Problem to solve: Take the lines from the one containing "Forensic Sciences are" through the end of the material and write them out exactly, omitting pictures.

*** Block opens ***

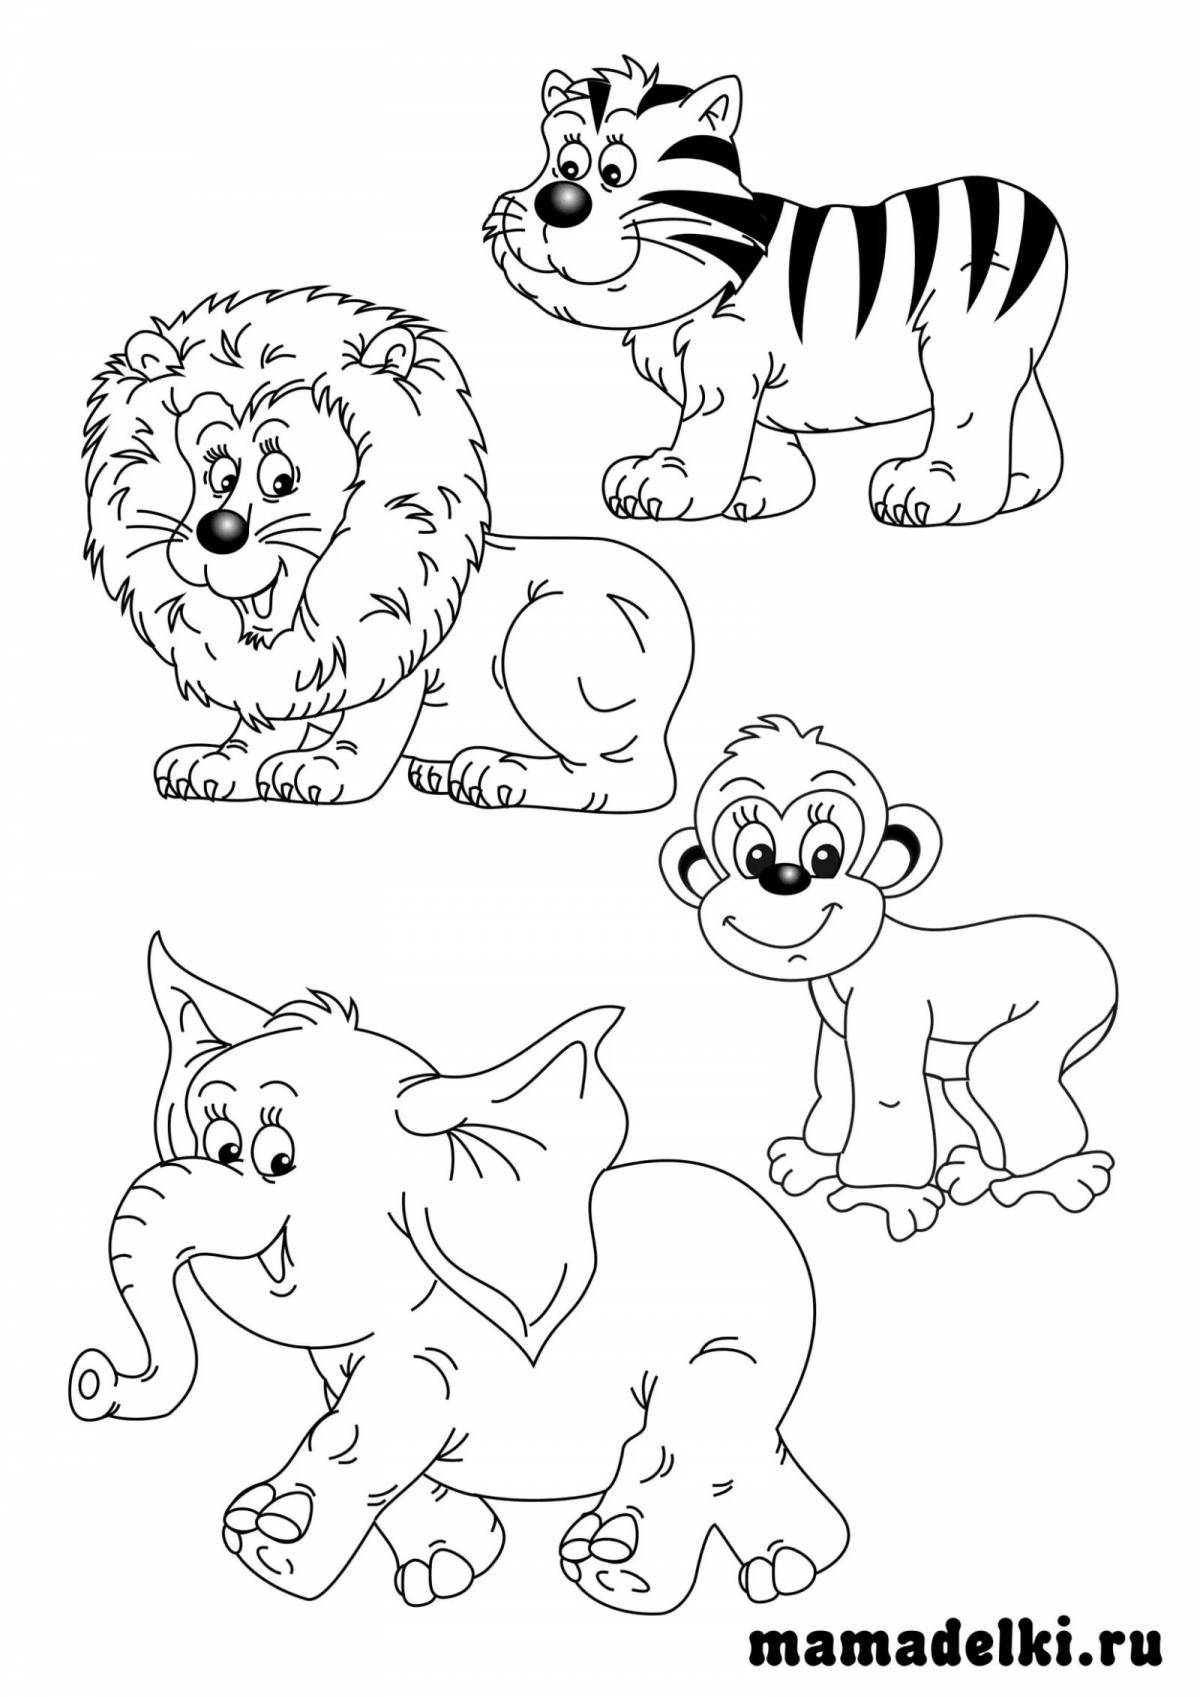 Majestic animal coloring pages for kids
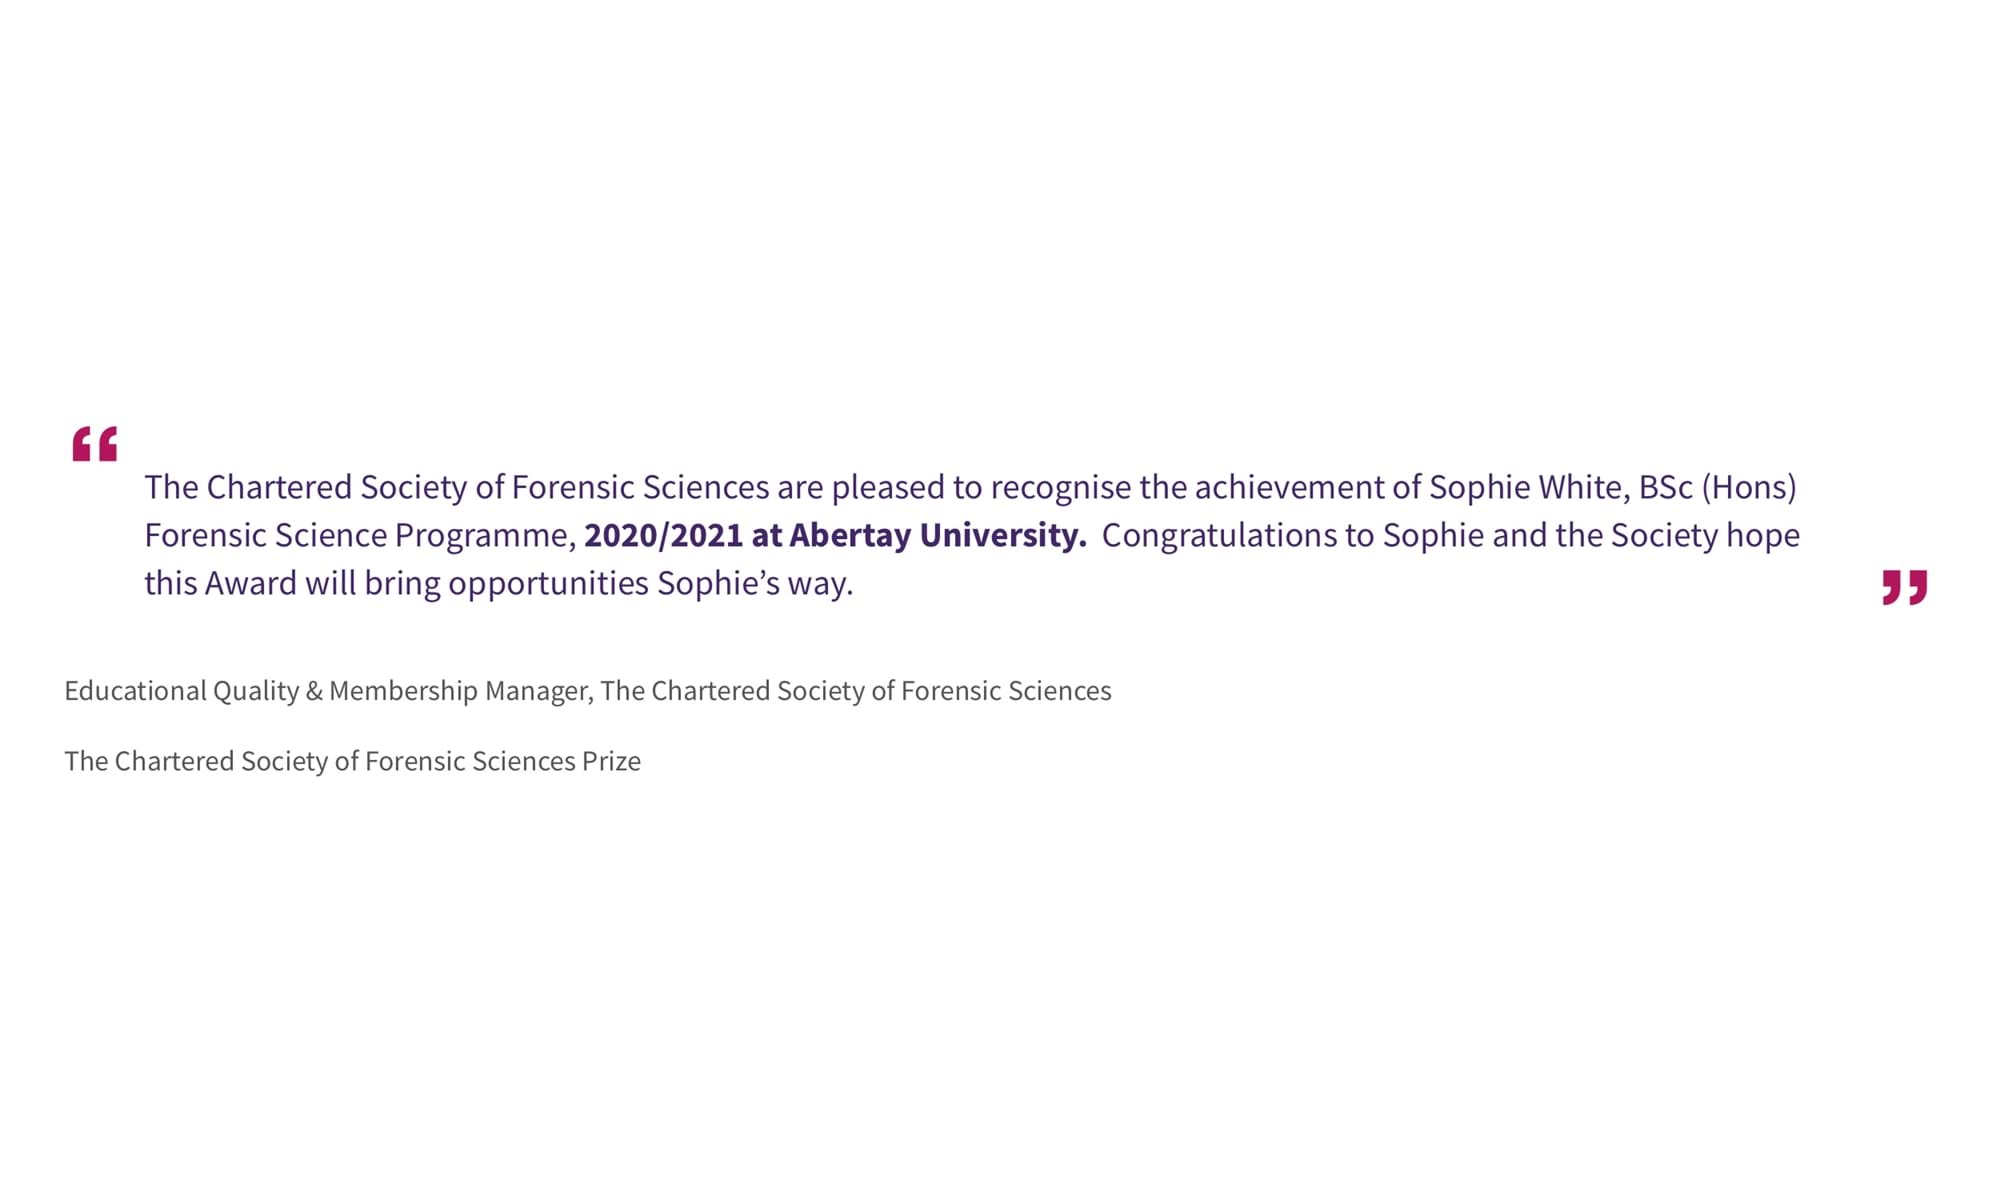 Educational Quality & Membership Manager, The Chartered Society of Forensic Sciences
The Chartered Society of Forensic Sciences Prize
“The Chartered Society of Forensic Sciences are pleased to recognise the achievement of Sophie White, BSc (Hons) Forensic Science Programme, 2020/2021 at Abertay University.  Congratulations to Sophie and the Society hope this Award will bring opportunities Sophie’s way.”
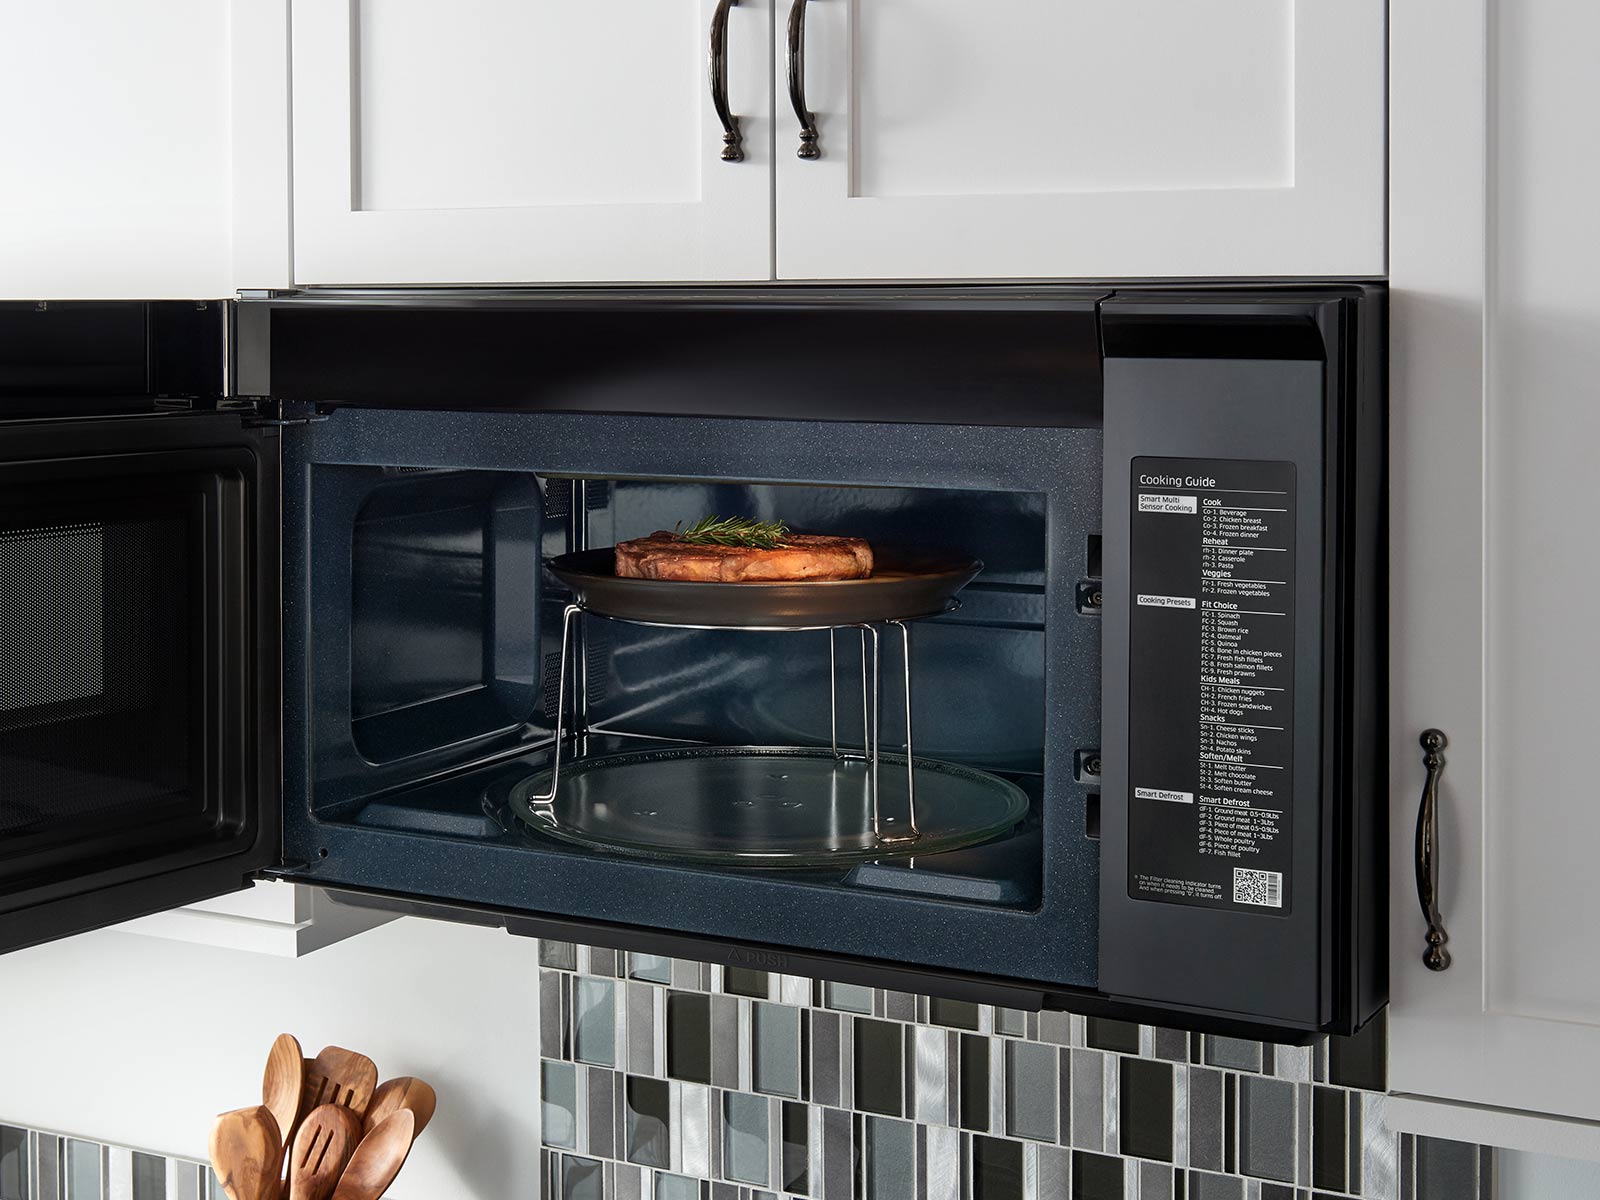 Thumbnail image of 2.1 cu. ft. Over-the-Range Microwave with PowerGrill in Fingerprint Resistant Black Stainless Steel

*** Block closes ***

Problem solution:
“The Chartered Society of Forensic Sciences are pleased to recognise the achievement of Sophie White, BSc (Hons) Forensic Science Programme, 2020/2021 at Abertay University.  Congratulations to Sophie and the Society hope this Award will bring opportunities Sophie’s way.”
 Thumbnail image of 2.1 cu. ft. Over-the-Range Microwave with PowerGrill in Fingerprint Resistant Black Stainless Steel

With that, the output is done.